I roamed around the upper deck until I backed into the steering wheel—with a pirate's skeleton still hangin' on to the big
wooden spokes. He was a party pirate once, by the
look of his clothes, but he hadn't died at any party. He had daggers stuck in
both
of his eyes.

I kinda screamed. I mean, I don't remember exactly screaming, but a few seconds later everyone joined me, so I must've said
something.

Stef pulled one of the knives out—did I say she was one tough lady? Anyway, we examined it and found out pretty quick that
the handle was lined with small, sparkling jewels—rubies, diamonds, and emeralds.

“Think these are real?” Andy asked.

“If they are,” I said, “I'll make a necklace out of 'em for you.”

She smiled and ruffled my hair. I wouldn't have minded somethin' else, but I figured I'd take a rain check. I mean, if the
gems
were
real, then this was the start of my Golden Time, and
all
the kids at school would wanna hang out with me. Andy, too. And if the gems
weren't
real… well, this was still the best adventure
I'd
ever been on, and no matter what else happened, we'd talk about it for the rest of our lives.
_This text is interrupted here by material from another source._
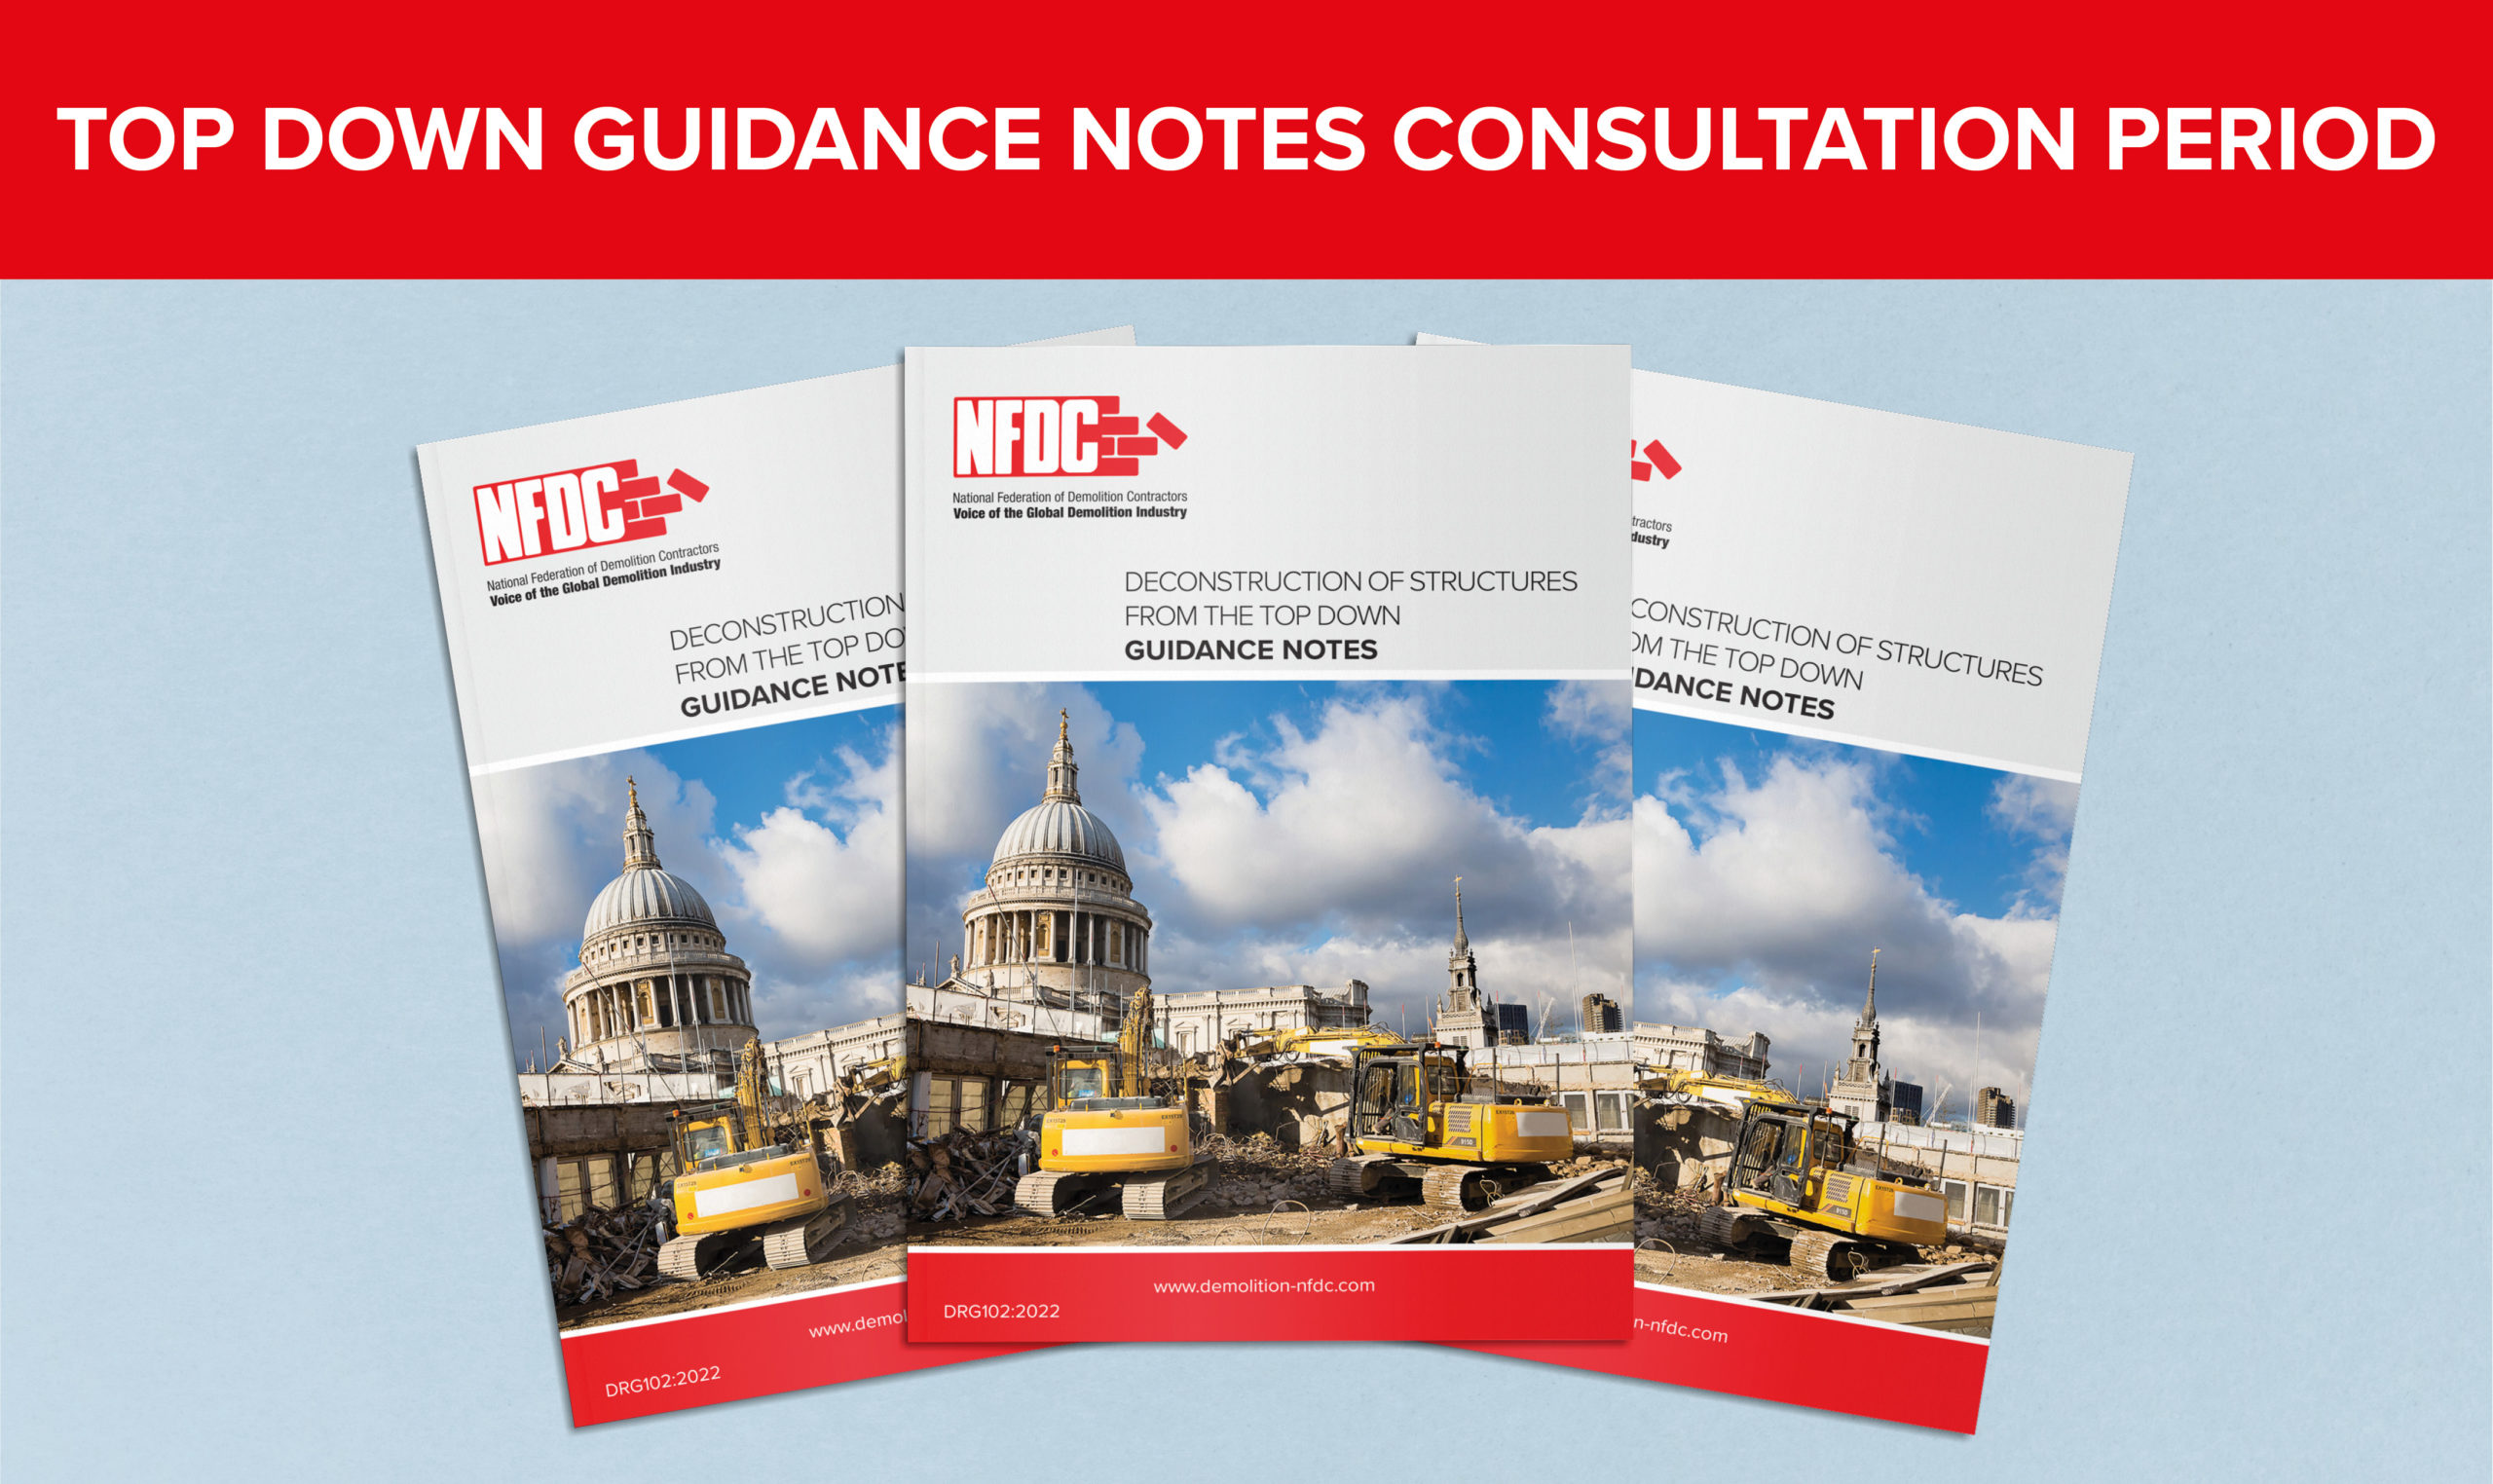 Top Down Guidance Notes Consultation Period

That thought was cut short
by Data's shout.

We ran to his voice to find him stuck halfway down the ventilator shaft, his feet sticking out of the top, kicking away. Mouth
and Brand each grabbed one leg and pulled. Instead of pulling Data out of the ventilator, though, they only pulled the ventilator
out of the deck, with Data still inside it. This left a big hole in the deck. Andy stuck her head down into it.

She pulled it out a few seconds later, coughing with dust. “Can't see anything from up here,” she said. She immediately lowered
herself down into the hole, and the others immediately followed. I think the amazingness, the just total coolness of this
ship actually being here, had finally made us all brave. Or at least boldish.

I went down last. I took a puff on my mist inhaler first,
though. Not that I needed it. It just seemed like good luck or old times' sake or just in case. Like that.

It was dark down here, but not so bad once our eyes got used to it. Really it just
seemed
darker, I think, because everything was covered in this like thick layer of dust. The dust of centuries. I always wanted
to be able to say that. The dust of centuries.

There were kegs down here, for powder or rum, I guess. There were a couple more skeletons, too—lying in the corner with their
bones all falling over and into each other, and a couple knives mixed in, like they'd had a major scuffle.

We stuck close together; moving through the dust like one of those industrial rug cleaners my dad used at the museum.

The museum. That's what this was like. One of those huge dioramas, with a ship, and sailors loading booty, and gooney birds
on the shore, and local plant life, and a recording of a guy tellin' you about it when you pushed a button. Except now we
were in the diorama. We were the Goonies.

Something in the ceiling caught my eye. Kind of a yellow glow shining through the dust.

“Hey, cool,” I said, “look at that.”

We cleared away some of the dust with our hands, and the glow got brighter. Some junk fell, just dirt mostly, and what was
left was a bunch of loose boards with a kind of yellowy light coming through the cracks.

“Great,” said Mouth. “We found Three Mile Island.”

I saw another riddle, though, this time carved into the beam holding up the ceiling, beside the thin slats of wood. Mouth
read.

Ye Intruders beware,

Crushing death and grief,

Soaked with blood,

Of the trespassing thief.

“That's the first riddle,” said Data. “From the attic.”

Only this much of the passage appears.